Unterrain

Unterrain liegt zwischen St. Pauls und Andrian mitten im flachen Etschtal.

In der Ebene des Tales bietet Unterrain ideale Voraussetzungen, um sich jeden Tag zu einer neuen Radtour aufzumachen. Das Etschtal ist sehr gut geeignet für Ausflüge nach Meran, den Vinschgau oder ins Südtiroler Unterland. Vor allem im Frühling, zur Zeit der Apfelblüte, ist es eine Pracht, durch die strahlend weiße Landschaft zu fahren oder zu wandern.

Das Kirchlein des Ortsteiles steht am Straßenrand und wurde um 1512 dem Beschützer der Reisenden und Händler, dem Hl. Nikolaus geweiht. Sie war also schon immer eine Station für Händler und all jene, die in den Süden oder Norden unterwegs waren. In Unterrain befand sich nämlich eine Zollstation.

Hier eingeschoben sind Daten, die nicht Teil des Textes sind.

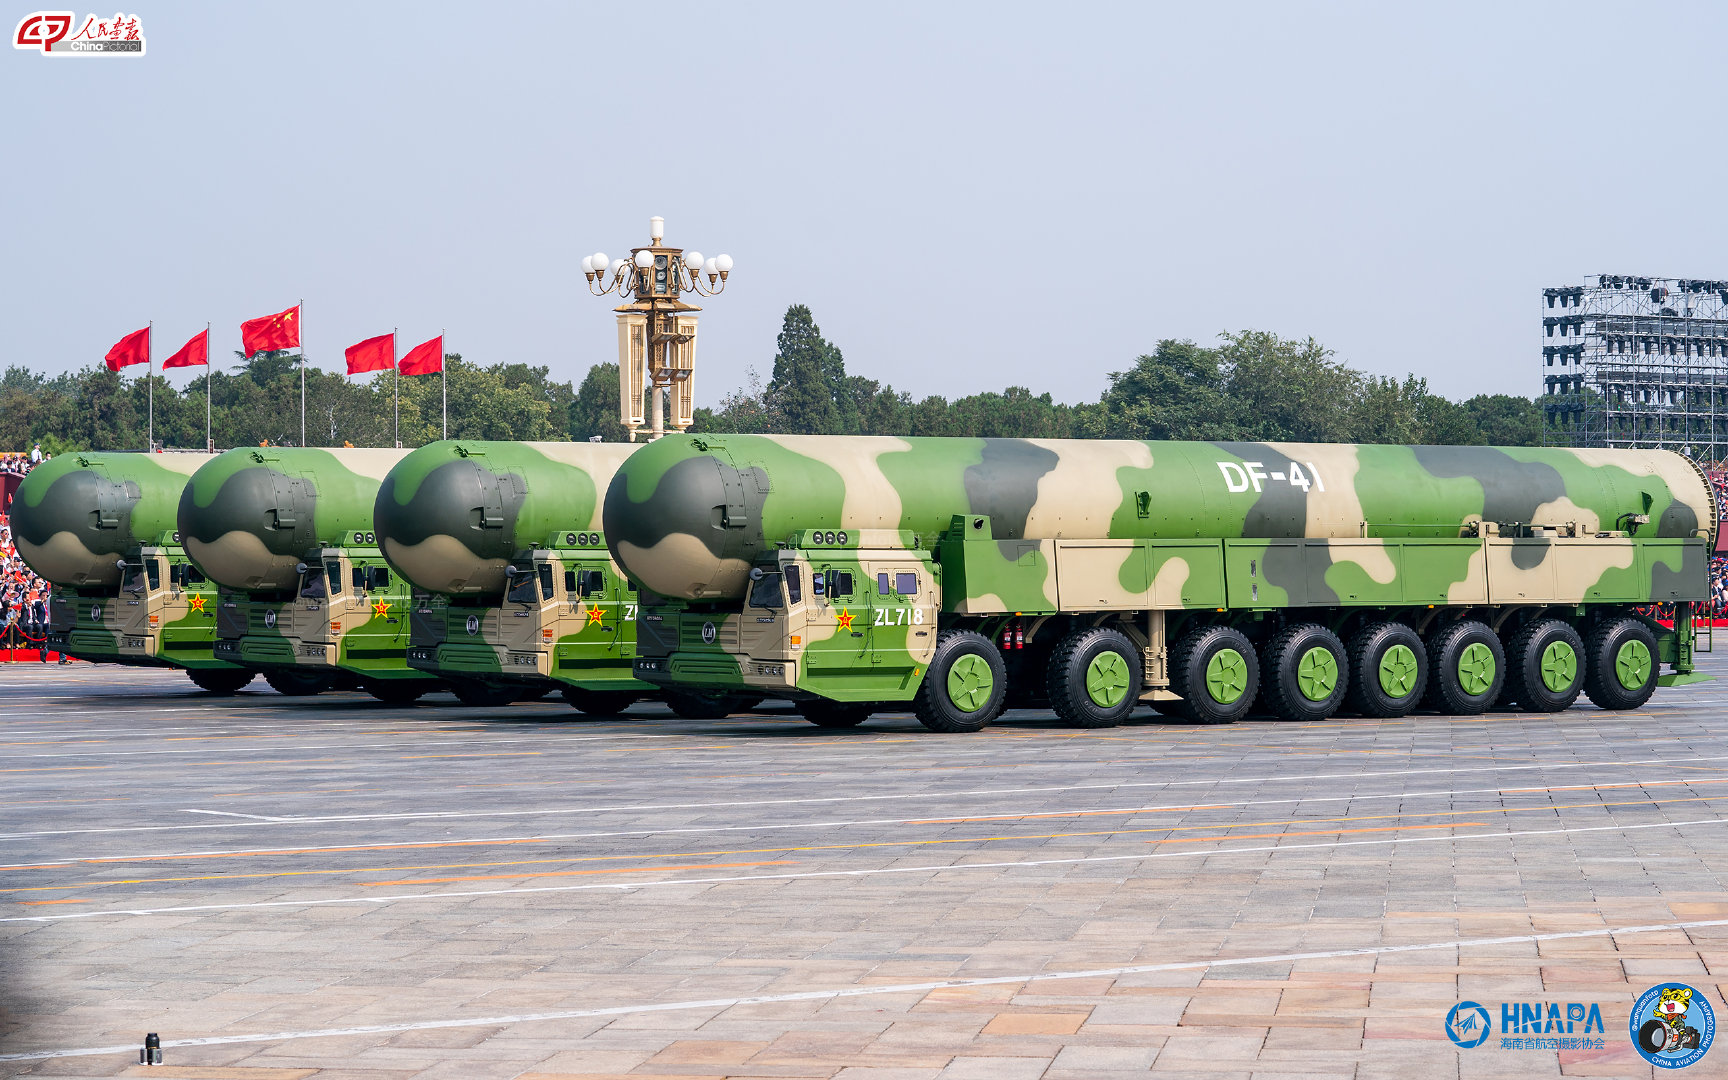 zzd 正文与东风-41,东风-31等陆基机动发射,固体燃料的洲际导弹不同
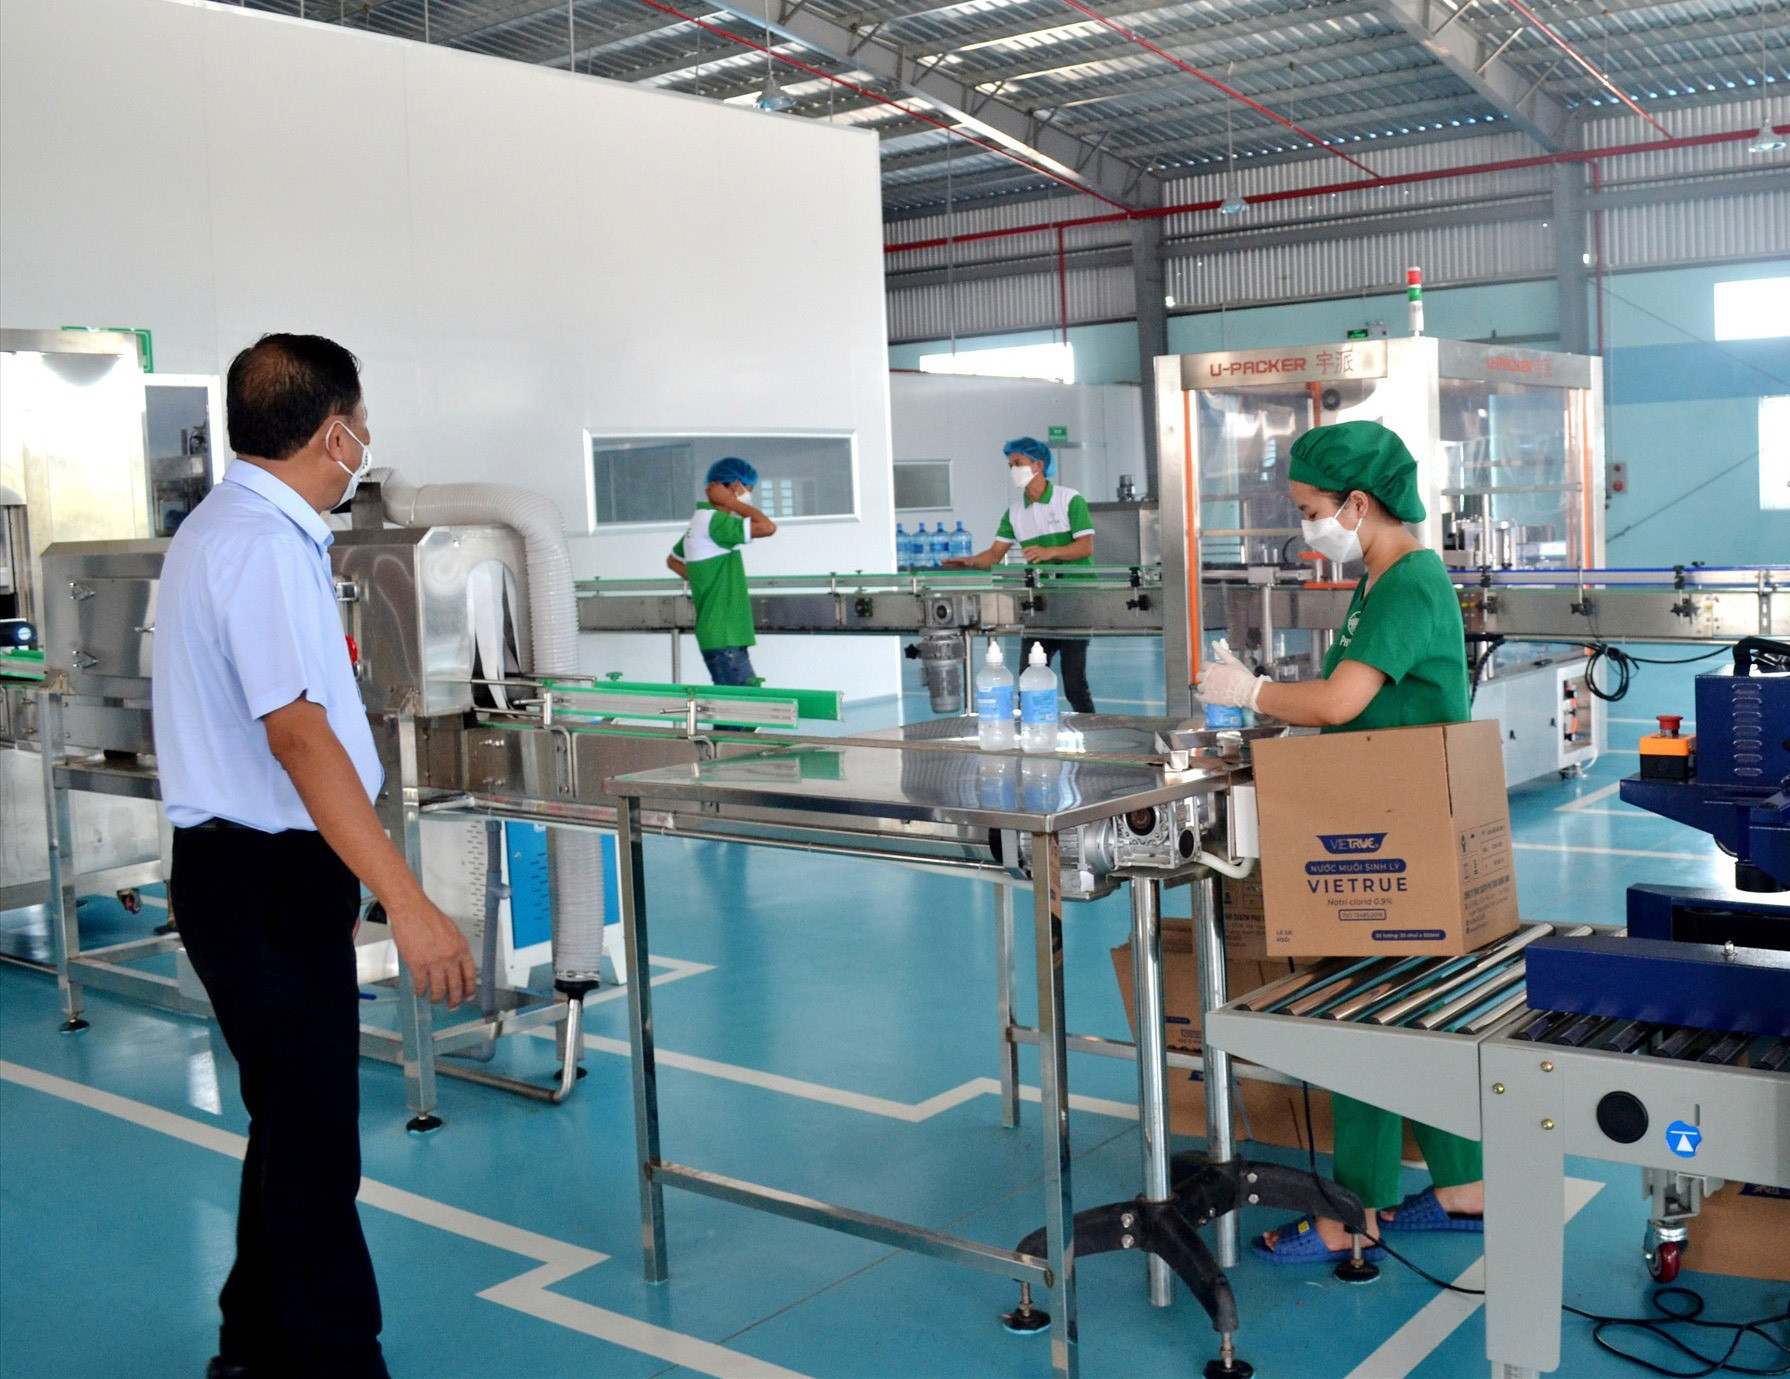 Nhà máy sản xuất trang thiết bị y tế của Công ty TNHH Sản xuất và thương mại Phú Toàn Quảng Nam đi vào hoạt động ở Cụm công nghiệp Hà Lam - Chợ Được (xã Bình Phục). Ảnh: Q.V

Erst im 17. Jahrhundert bekam die Kirche ihren Turm.

Schräg gegenüber dem Gotteshaus, auf der anderen Seite der Straße, steht ein weiterer historischer Bau, der sich Ansitz Hungerhausen nennt. Seine Fassade ist erhalten geblieben, man kann die alte Bauweise sehr gut erkennen.